By the time he arrived in Africa, he was emotionally finished with life in Sweden, comfortable as it was, and with the familiarities of his homeland. That plodding line of asylum applicants, combined with the safe predictability of life, driving him to seek the unpredictability that was the essence of his new position at a major Swedish NGO, working in the semiautonomous state of Puntland in northeast Somalia. After a long series of interviews he convinced their hiring committee he was a good fit as their new legal and human rights program manager. This was a position formerly filled by an experienced man in his fifties, so Erik felt a healthy level of anxiety about doing a worthy job. It required
negotiating with governmental heads throughout the region, and it could put him across from them in tense negotiations over human rights reforms in the judiciary sector, or make it necessary to poke around in the worst prisons imaginable and stare into the faces of the walking cadavers held there.

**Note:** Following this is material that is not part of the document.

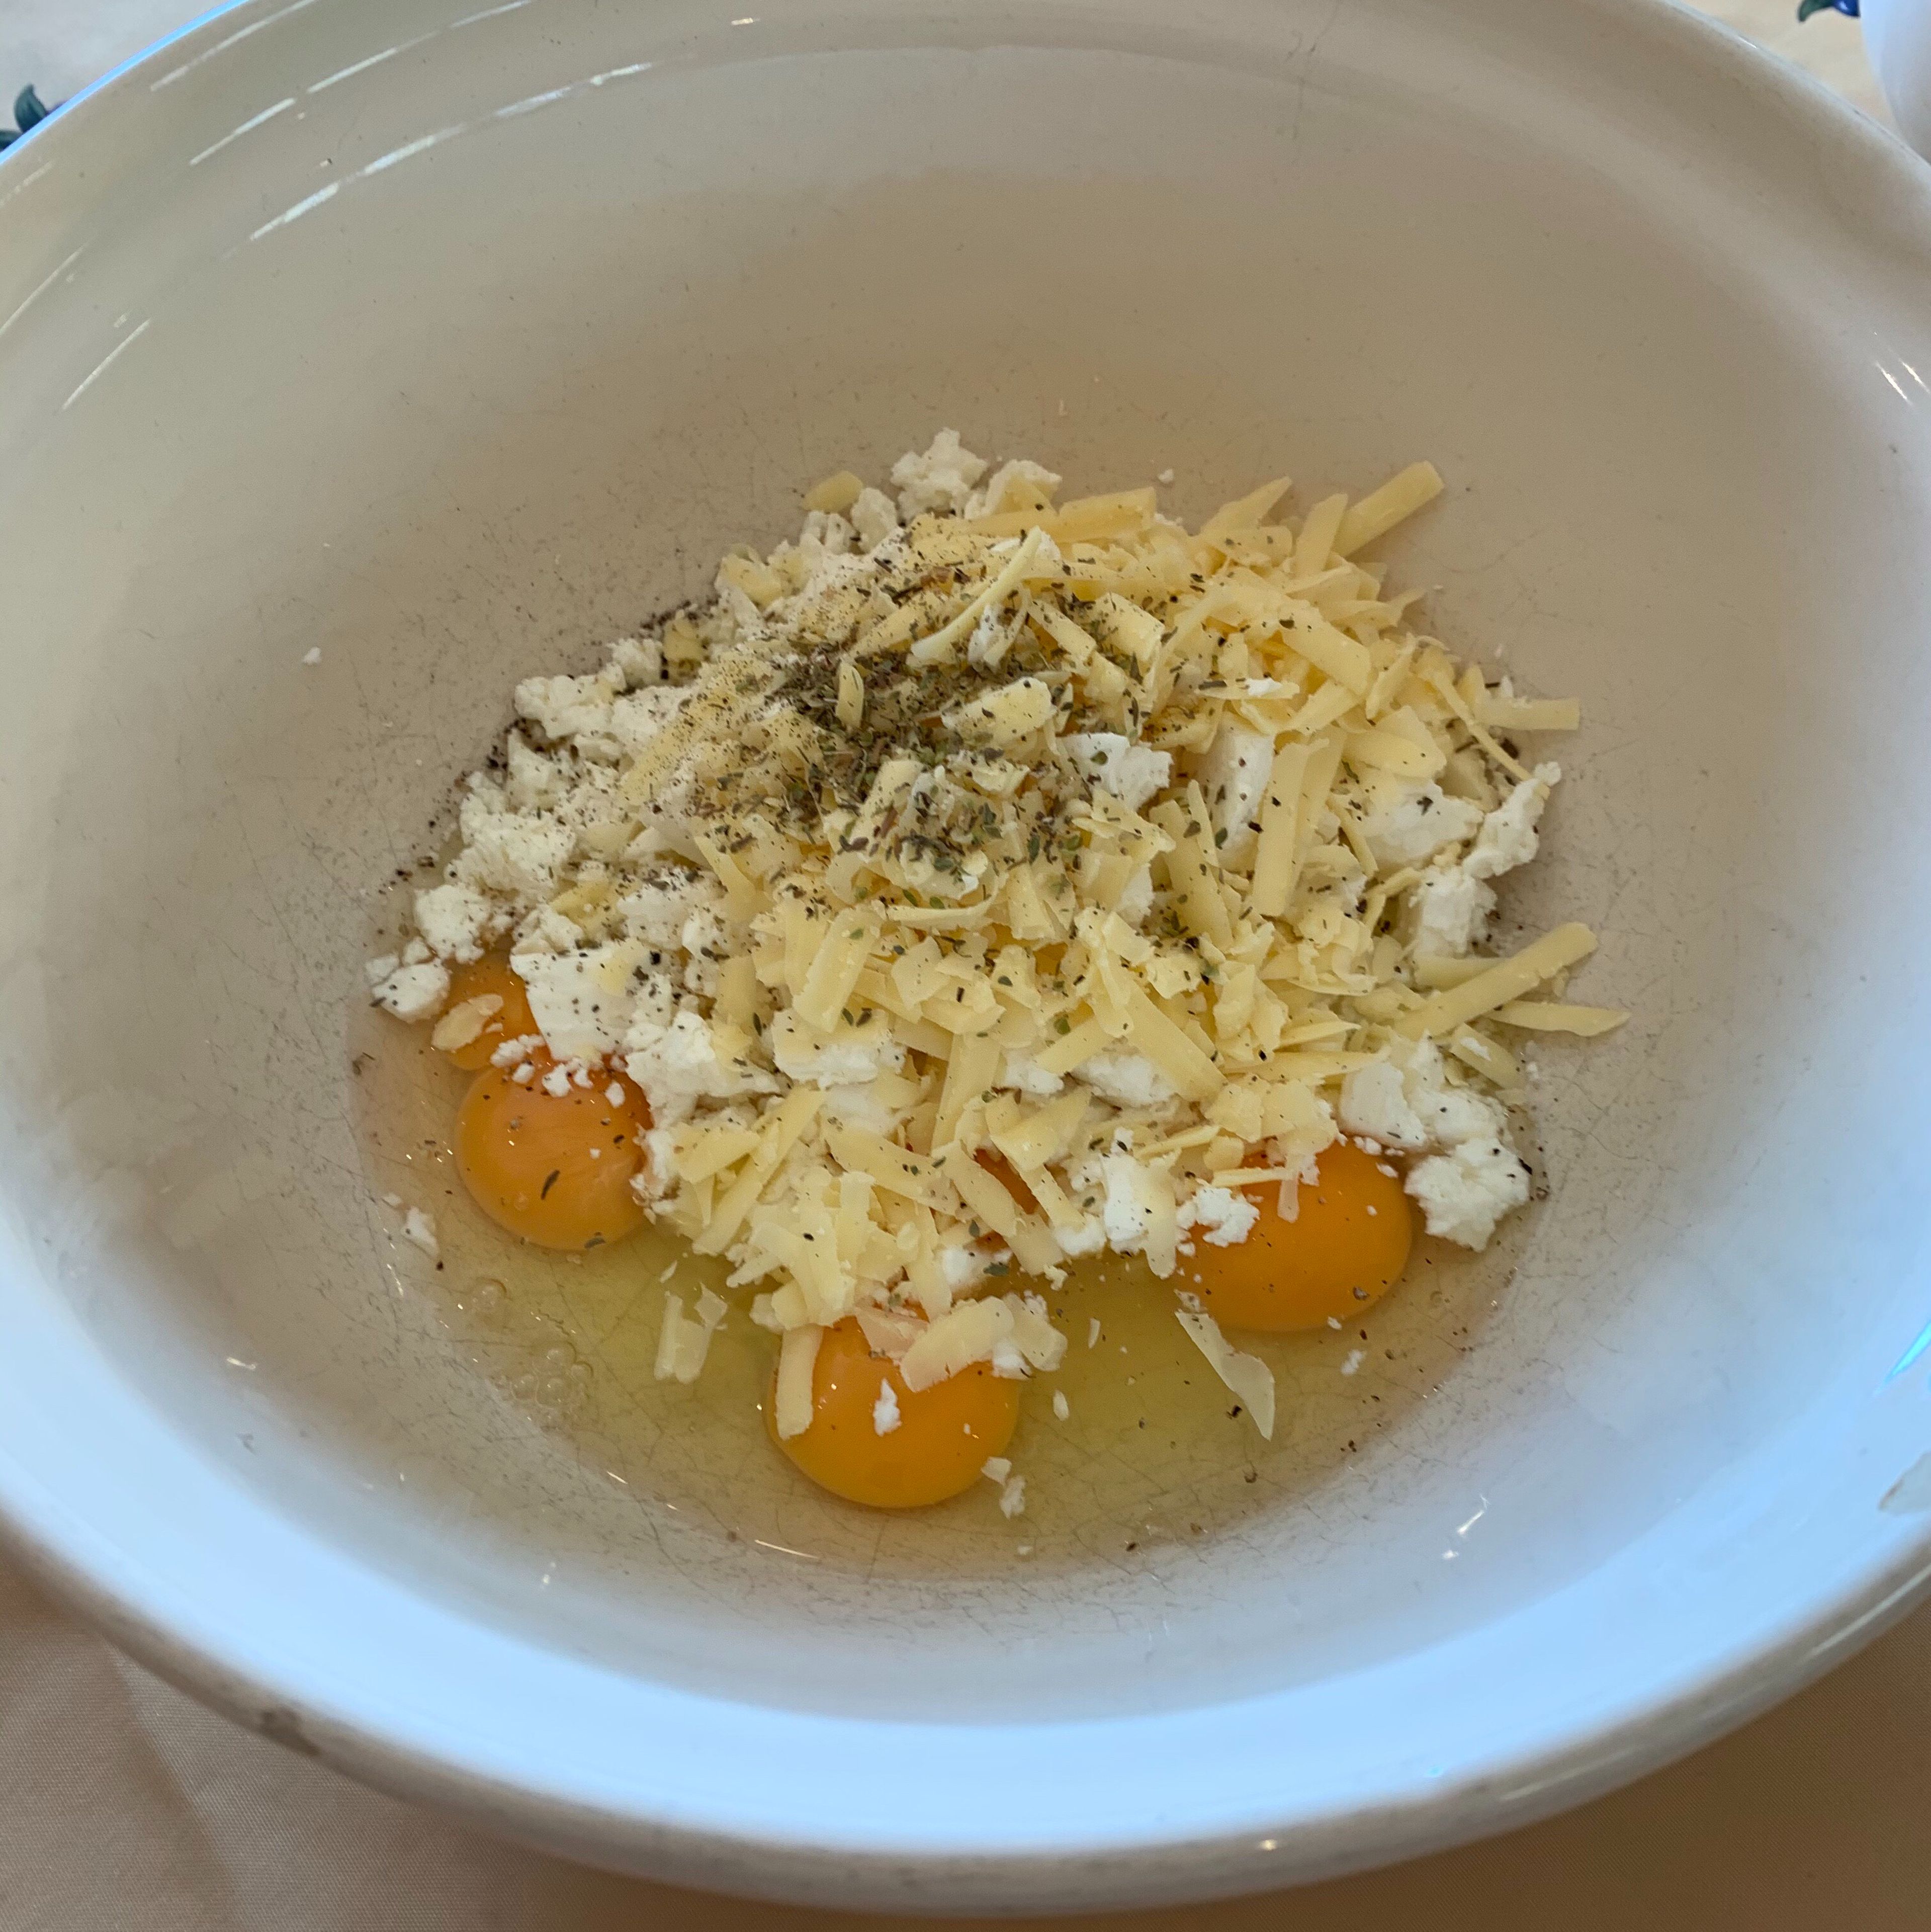 Crack the eggs into a large mixing bowl and crumble the feta . Grate the cheddar, then add the oregano and pepper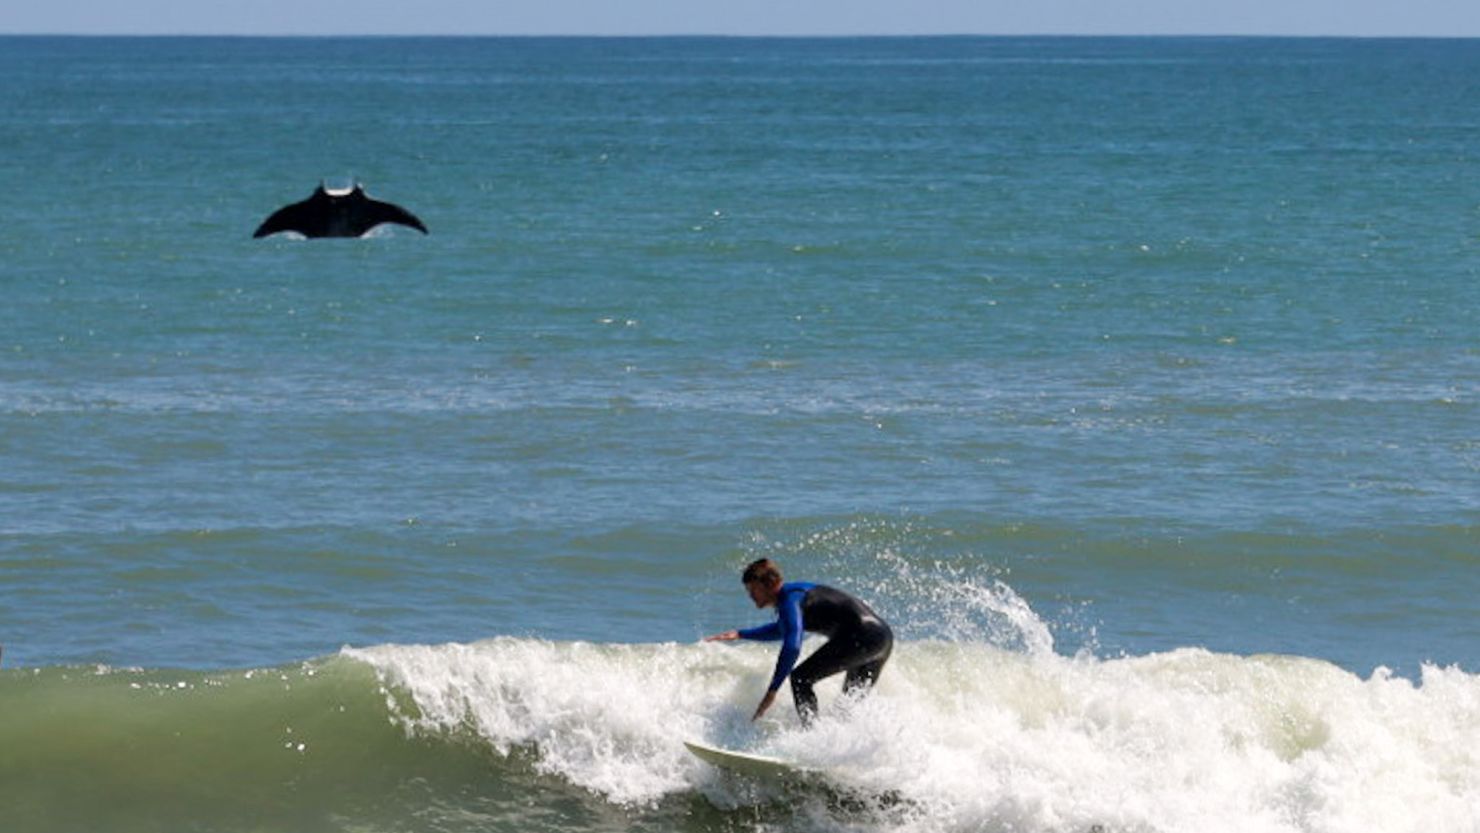 Rusty Escandell says he noticed a little splash while taking pictures of surfers in Satellite Beach, Florida, but he didn't know that a huge manta ray had jumped out of the water until he looked at the photos at home.

It was the right time in his life to make this journey. A few months earlier, his fiancée back home had called off their planned wedding. He wasn’t happy about it but had to admit she might have done right by both of them—trooping around Africa was never going to be her cup of tea.

This made it a lot easier to put himself through all the necessary steps before making the journey to Africa. Once his life there actually began, he was relieved to be without the sort of strong emotional ties that would have put up distractions in the new job.

As for family back at home, they weren’t thrilled with his choice of assignment, but nobody seriously questioned his motives. He was grateful for that. Instead they promised to visit as soon as possible and see his new hometown of Nairobi, Kenya, for themselves.

He was struck by how good it felt to be alone, in terms of not causing anyone at home to worry. It seemed obvious that it would be completely unreasonable to expect to find a woman who could understand what he was doing and accept his need to be in that place.

When it came to personal time, it was all too clear that work like his was destined to be an individual sport.

CHAPTER SIX

Jessica:

My truncated stay at the Childers orphanage in South Sudan was like being awakened by a plunge into freezing water. My senses had never been so overwhelmed. The experience didn’t change my overall goals, but it completely realigned my approach. I pulled back to work out a new strategy designed to actually allow me to be of service while also avoiding a pointless death there.